## Given data
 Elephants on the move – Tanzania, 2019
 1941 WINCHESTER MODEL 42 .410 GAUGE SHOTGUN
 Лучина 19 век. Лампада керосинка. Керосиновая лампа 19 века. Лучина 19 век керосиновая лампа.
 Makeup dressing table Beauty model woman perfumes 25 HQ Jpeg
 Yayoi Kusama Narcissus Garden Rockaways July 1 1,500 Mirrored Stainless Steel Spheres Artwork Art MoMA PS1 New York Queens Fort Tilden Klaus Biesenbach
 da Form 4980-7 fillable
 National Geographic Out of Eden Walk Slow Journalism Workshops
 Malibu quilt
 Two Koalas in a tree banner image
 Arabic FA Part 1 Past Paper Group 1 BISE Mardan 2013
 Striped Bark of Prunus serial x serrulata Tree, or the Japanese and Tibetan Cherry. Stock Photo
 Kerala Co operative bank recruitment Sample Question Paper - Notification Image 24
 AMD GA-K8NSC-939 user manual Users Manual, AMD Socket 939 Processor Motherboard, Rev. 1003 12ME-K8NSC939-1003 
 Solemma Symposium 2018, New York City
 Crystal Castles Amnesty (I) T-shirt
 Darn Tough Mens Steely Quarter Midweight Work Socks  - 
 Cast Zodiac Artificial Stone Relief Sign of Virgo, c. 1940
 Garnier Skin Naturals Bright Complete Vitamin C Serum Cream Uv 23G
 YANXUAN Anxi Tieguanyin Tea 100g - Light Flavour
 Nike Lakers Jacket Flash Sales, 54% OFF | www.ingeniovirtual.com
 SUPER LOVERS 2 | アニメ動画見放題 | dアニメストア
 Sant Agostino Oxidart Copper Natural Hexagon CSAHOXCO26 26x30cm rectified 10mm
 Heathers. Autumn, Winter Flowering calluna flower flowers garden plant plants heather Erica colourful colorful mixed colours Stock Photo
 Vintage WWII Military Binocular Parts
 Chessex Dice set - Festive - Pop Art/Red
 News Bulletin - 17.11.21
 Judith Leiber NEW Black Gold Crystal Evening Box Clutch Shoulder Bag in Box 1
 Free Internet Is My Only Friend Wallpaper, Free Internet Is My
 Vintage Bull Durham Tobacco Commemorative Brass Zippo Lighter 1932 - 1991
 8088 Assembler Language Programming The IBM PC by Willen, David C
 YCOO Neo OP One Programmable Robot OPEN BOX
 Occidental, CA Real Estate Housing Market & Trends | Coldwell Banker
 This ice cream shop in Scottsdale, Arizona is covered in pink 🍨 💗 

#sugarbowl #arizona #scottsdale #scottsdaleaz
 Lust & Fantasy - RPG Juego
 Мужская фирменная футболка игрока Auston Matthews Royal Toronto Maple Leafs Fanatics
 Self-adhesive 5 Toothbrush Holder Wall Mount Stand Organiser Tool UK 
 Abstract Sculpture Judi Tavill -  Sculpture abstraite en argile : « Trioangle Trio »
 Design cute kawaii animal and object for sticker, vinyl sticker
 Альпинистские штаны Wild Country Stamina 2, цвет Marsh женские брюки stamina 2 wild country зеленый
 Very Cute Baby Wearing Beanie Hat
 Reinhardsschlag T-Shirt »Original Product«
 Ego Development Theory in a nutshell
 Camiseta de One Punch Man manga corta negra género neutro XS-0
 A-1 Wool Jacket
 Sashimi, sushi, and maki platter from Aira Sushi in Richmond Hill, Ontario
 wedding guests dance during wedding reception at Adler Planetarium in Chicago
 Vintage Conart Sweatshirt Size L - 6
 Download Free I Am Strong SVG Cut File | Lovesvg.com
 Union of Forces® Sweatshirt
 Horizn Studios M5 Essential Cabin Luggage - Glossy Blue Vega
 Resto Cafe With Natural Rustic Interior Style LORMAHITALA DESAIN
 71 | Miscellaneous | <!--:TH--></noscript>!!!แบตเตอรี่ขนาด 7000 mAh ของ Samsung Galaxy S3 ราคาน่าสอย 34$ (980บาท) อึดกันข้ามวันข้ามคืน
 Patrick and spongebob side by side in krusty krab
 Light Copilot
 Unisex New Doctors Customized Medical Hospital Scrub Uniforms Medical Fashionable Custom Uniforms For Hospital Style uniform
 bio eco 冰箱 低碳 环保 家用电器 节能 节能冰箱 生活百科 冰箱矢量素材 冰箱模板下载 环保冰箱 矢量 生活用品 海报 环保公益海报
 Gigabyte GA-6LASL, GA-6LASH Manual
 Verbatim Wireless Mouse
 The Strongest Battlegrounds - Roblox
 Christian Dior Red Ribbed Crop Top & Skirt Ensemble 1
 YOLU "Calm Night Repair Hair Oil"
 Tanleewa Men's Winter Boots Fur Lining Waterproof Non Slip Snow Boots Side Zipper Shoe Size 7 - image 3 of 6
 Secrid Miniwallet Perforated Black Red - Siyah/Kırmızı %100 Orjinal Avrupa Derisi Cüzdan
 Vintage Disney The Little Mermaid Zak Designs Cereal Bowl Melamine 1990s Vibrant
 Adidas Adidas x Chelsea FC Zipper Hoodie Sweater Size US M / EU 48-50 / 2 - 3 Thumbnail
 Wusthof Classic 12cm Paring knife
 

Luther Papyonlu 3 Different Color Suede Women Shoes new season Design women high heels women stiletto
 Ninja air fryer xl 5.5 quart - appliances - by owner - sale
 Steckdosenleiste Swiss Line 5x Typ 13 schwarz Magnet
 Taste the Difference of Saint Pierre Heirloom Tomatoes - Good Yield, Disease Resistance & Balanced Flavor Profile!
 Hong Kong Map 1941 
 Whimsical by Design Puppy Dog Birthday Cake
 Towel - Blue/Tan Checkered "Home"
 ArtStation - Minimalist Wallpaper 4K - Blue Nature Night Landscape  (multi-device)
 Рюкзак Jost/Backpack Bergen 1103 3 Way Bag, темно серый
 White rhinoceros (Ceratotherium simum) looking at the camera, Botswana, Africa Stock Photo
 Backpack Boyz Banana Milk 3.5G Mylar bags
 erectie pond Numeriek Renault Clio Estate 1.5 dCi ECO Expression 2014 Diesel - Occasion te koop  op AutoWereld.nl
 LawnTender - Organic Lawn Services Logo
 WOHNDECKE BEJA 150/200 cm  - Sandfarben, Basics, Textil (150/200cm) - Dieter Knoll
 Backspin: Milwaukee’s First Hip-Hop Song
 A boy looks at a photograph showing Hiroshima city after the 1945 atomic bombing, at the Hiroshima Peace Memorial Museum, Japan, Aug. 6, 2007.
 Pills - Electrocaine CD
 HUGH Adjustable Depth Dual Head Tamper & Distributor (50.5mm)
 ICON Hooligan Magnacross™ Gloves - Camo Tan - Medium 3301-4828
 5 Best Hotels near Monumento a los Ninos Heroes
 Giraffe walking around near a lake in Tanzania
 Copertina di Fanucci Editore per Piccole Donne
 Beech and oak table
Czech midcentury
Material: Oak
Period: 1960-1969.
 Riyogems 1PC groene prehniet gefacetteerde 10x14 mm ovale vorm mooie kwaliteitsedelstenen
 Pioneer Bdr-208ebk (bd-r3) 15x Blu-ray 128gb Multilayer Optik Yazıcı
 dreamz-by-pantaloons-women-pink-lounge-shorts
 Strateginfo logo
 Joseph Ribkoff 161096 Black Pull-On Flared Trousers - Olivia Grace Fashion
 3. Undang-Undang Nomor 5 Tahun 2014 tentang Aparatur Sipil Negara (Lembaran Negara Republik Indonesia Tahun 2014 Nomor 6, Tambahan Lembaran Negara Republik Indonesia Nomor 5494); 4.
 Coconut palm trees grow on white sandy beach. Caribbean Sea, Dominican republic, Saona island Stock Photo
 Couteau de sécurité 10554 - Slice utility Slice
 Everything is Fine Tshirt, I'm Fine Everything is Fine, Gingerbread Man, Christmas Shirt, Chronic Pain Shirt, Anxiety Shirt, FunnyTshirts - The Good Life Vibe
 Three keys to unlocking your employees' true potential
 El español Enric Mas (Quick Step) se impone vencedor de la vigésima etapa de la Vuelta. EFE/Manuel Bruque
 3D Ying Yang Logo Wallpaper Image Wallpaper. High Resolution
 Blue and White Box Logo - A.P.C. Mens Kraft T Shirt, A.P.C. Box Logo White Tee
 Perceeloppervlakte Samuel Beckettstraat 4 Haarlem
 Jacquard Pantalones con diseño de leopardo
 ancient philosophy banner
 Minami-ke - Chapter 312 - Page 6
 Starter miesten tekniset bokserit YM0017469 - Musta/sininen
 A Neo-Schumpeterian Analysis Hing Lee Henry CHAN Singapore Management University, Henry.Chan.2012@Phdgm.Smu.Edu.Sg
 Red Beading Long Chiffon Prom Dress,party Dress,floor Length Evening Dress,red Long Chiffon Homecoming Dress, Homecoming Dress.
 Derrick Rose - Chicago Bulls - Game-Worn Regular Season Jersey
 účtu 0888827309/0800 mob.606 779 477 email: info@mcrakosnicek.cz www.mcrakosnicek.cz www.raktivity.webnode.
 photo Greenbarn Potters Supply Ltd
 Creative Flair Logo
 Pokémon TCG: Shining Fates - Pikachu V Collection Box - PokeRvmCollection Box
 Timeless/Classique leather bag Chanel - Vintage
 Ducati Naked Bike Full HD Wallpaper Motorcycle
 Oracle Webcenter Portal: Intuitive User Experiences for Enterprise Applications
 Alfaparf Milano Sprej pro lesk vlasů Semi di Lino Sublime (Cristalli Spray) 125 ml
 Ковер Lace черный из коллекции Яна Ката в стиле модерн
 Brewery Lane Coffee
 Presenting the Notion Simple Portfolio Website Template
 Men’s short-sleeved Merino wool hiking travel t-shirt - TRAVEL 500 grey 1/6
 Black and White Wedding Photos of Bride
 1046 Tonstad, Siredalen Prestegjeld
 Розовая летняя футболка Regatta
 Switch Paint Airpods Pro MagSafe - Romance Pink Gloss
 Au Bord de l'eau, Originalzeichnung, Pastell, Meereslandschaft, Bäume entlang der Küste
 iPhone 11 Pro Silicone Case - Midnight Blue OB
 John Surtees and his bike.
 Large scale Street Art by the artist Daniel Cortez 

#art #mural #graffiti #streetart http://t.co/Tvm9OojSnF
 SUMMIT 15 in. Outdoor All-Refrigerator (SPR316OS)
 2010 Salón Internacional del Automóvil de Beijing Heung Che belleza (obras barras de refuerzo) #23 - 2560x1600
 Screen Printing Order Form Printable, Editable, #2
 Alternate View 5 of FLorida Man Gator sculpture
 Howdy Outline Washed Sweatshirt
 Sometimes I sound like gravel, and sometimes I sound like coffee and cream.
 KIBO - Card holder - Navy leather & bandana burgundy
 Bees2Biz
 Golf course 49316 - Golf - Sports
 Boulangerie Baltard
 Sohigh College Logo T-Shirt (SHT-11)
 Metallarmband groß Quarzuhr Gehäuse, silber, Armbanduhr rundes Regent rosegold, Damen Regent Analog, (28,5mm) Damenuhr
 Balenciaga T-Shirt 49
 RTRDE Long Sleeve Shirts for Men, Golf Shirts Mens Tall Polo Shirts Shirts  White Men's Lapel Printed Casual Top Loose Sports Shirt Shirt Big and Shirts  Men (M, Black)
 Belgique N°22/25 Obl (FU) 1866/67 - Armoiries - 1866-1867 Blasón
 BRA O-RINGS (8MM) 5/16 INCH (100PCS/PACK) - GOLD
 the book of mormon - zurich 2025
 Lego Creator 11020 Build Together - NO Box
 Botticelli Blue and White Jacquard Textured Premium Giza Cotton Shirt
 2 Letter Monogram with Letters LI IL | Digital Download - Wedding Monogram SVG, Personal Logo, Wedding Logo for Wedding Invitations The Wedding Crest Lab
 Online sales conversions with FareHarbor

## Brief
Print, from the entries above, the line with "Horizn Studios M5", the line with "Night Repair Hair" and all lines between them, exactly and with nothing else.

## Expected answer
 Horizn Studios M5 Essential Cabin Luggage - Glossy Blue Vega
 Resto Cafe With Natural Rustic Interior Style LORMAHITALA DESAIN
 71 | Miscellaneous | <!--:TH--></noscript>!!!แบตเตอรี่ขนาด 7000 mAh ของ Samsung Galaxy S3 ราคาน่าสอย 34$ (980บาท) อึดกันข้ามวันข้ามคืน
 Patrick and spongebob side by side in krusty krab
 Light Copilot
 Unisex New Doctors Customized Medical Hospital Scrub Uniforms Medical Fashionable Custom Uniforms For Hospital Style uniform
 bio eco 冰箱 低碳 环保 家用电器 节能 节能冰箱 生活百科 冰箱矢量素材 冰箱模板下载 环保冰箱 矢量 生活用品 海报 环保公益海报
 Gigabyte GA-6LASL, GA-6LASH Manual
 Verbatim Wireless Mouse
 The Strongest Battlegrounds - Roblox
 Christian Dior Red Ribbed Crop Top & Skirt Ensemble 1
 YOLU "Calm Night Repair Hair Oil"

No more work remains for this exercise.